"Paz para a nossa época" –as palavras de Chamberlain, ao retornar da Conferência de Munique, ecoam até hoje como um signo de vergonha. O primeiro-ministro britânico praticava o "apaziguamento", utilizando-se da linguagem do pacifismo. Diante da guerra de agressão russa na Ucrânia, o discurso pacifista está de volta. Como em 1938, seus mais destacados arautos não querem a paz, mas um desfecho específico da guerra.
Chamberlain não era um pacifista. O "apaziguamento", estimulado pela parcela da elite britânica simpática a Hitler, sintetizava um desastrado cálculo estratégico: direcionar as forças alemãs para um confronto mutuamente destruidor com os soviéticos. Os pacifistas aplaudiram a entrega dos Sudetos tchecos, que exibiam como um preço de liquidação para obter a paz universal. "Chamberlain fez a coisa certa em Munique", declarou Bernard Shaw, a figura icônica do pacifismo.
"Se Zelenski tivesse dito há tempos que não iria entrar na Otan, teria evitado a guerra", tuitou o teólogo Leonardo Boff. Os fatos desmentiram, de imediato, a profecia contrafactual do piedoso humanista. Na segunda semana da guerra, Zelenski aceitou trocar a paz por um estatuto de neutralidade geopolítica da Ucrânia –mas a Rússia rejeitou a oferta, exigindo a transferência da Crimeia, do Donbass e do sul ucranianos à sua soberania.
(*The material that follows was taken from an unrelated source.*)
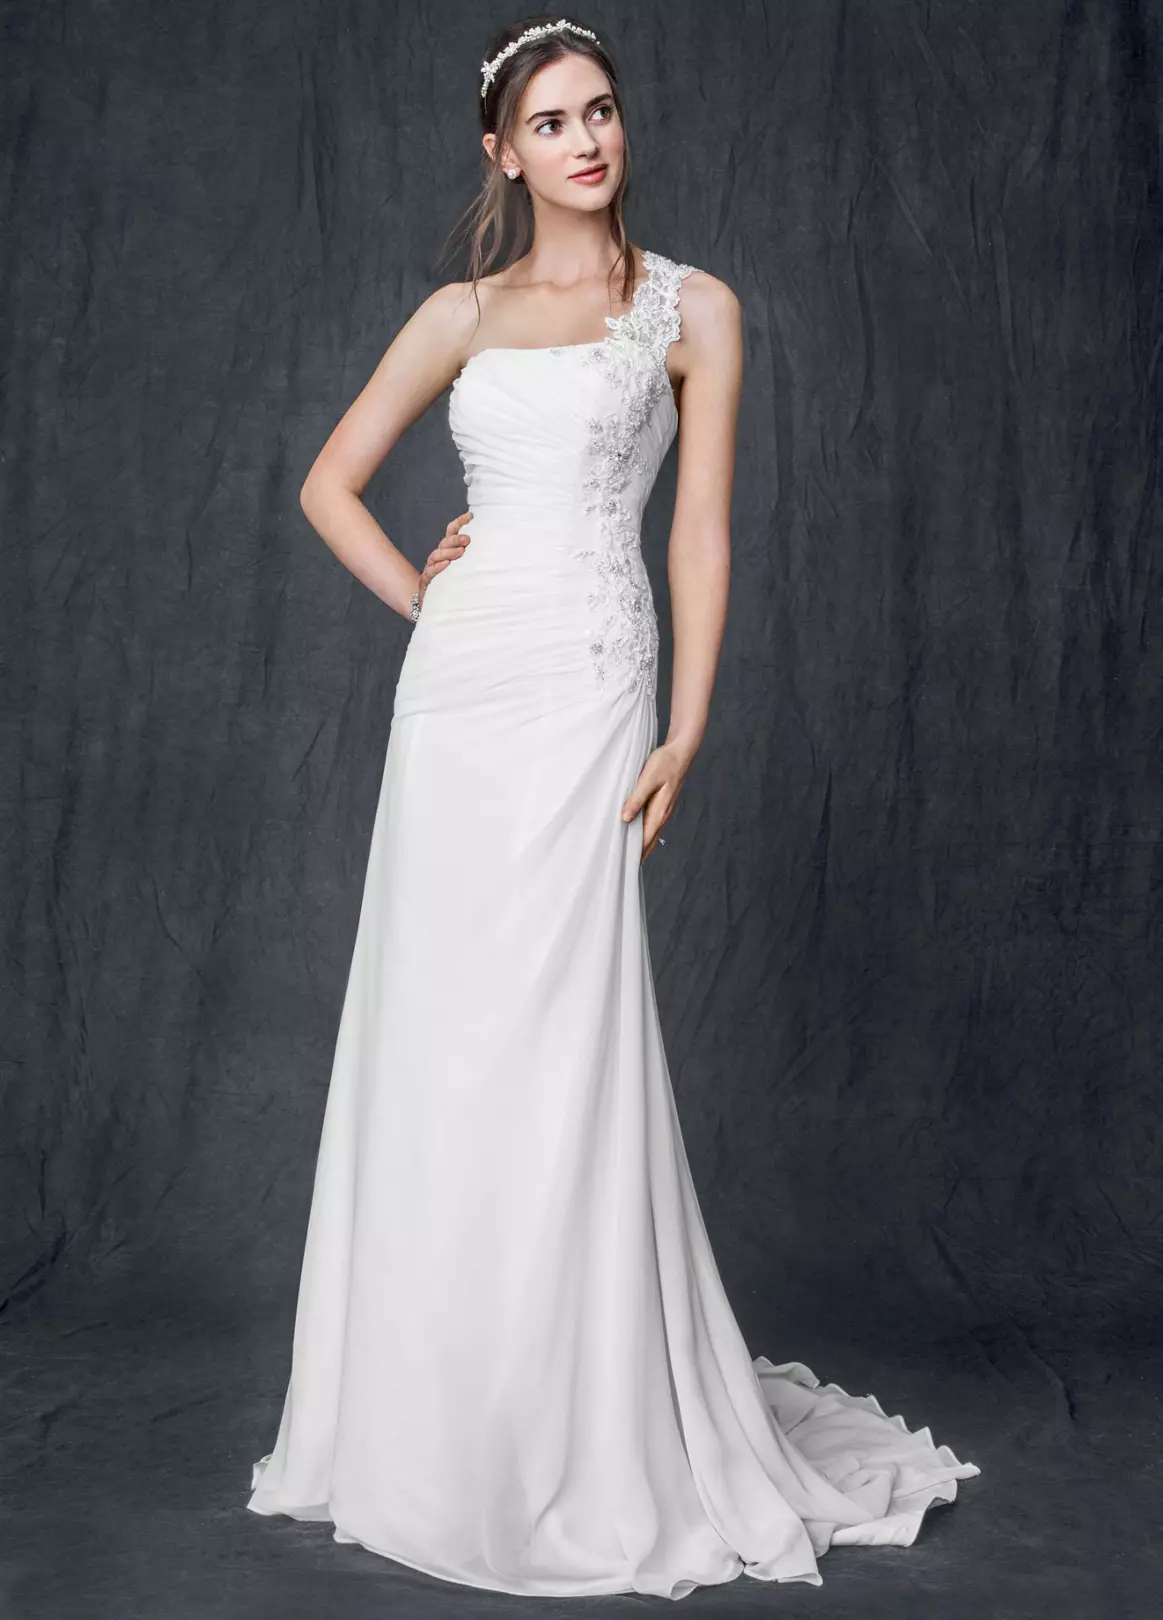 One Shoulder Chiffon Gown with Floral Appliques Image

Putin deflagrou uma guerra de conquista alegando que a Ucrânia não passa de uma extensão da Rússia. Boff está de acordo com o conceito que sustenta a invasão. No seu tuíte, a frase estende-se do seguinte modo: "...a guerra e a carnificina que os russos estão fazendo, destruindo uma parte de si mesmos, pois Ucrânia e Rússia foram sempre uma só terra".
Shaw não era apenas um pacifista célebre, mas também –algo geralmente esquecido– um admirador de Hitler, Stalin e Mussolini. Na quarta semana da guerra, Boff transitou da exigência inicial de neutralidade ucraniana para uma posição mais "realista", que replica os objetivos de Putin: "Me pergunto se tem sentido Zelenski sacrificar todo um povo numa guerra que sabe não poder ganhar. Para poupar seu povo caberia, não uma rendição, mas uma negociação mesmo com concessões." Assim, de passagem, Boff conta-nos que não é Putin, mas Zelenski, que sacrifica "todo um povo".
Putin imaginou que, por não ser uma nação legítima, a Ucrânia capitularia sem luta. Viu, no lugar disso, uma nação inteira se levantar contra o poderoso invasor. Na sua infinita bondade, Boff solicita a Zelenski que faça a vontade de Moscou, entregando-lhe vastos territórios –e, com eles, as populações que os habitam. Seu pacifismo, como o de tantos outros, é uma encenação destinada a divulgar os pretextos e as narrativas do chefe do Kremlin.
Diante da decisão dos EUA, junto com outros 42 países, de fornecer armas pesadas à Ucrânia, o ministro do Exterior russo, Sergei Lavrov, passou a acusar a Otan de promover uma guerra por procuração contra a Rússia. Os pacifistas de araque repetem, sílaba por sílaba, as cínicas sentenças de Lavrov. De fato, ignoram a Carta da ONU, que condena a guerra de conquista e avaliza o direito à autodefesa coletiva –ou seja, o direito de nações não beligerantes de contribuir para o esforço de guerra de um país invadido.
Na Ucrânia, mais que o destino de uma nação soberana, joga-se o futuro da ordem mundial edificada em 1945 pelas potências vencedoras da Segunda Guerra Mundial, inclusive a URSS. Um triunfo em terras ucranianas impulsionaria Putin a prosseguir sua escalada de guerras imperiais na Moldávia e nos países bálticos, sob o álibi de proteger os "russos do exterior". Segundo a lógica de Boff, em nome da paz, cada uma dessas nações deveria desistir da soberania e de suas fronteiras internacionalmente reconhecidas. O pacifismo do nosso Shaw, como o do Shaw original, é propaganda de guerra.
Demétrio Magnoli - Sociólogo, autor de “Uma Gota de Sangue: História do Pensamento Racial”. É doutor em geografia humana pela USP.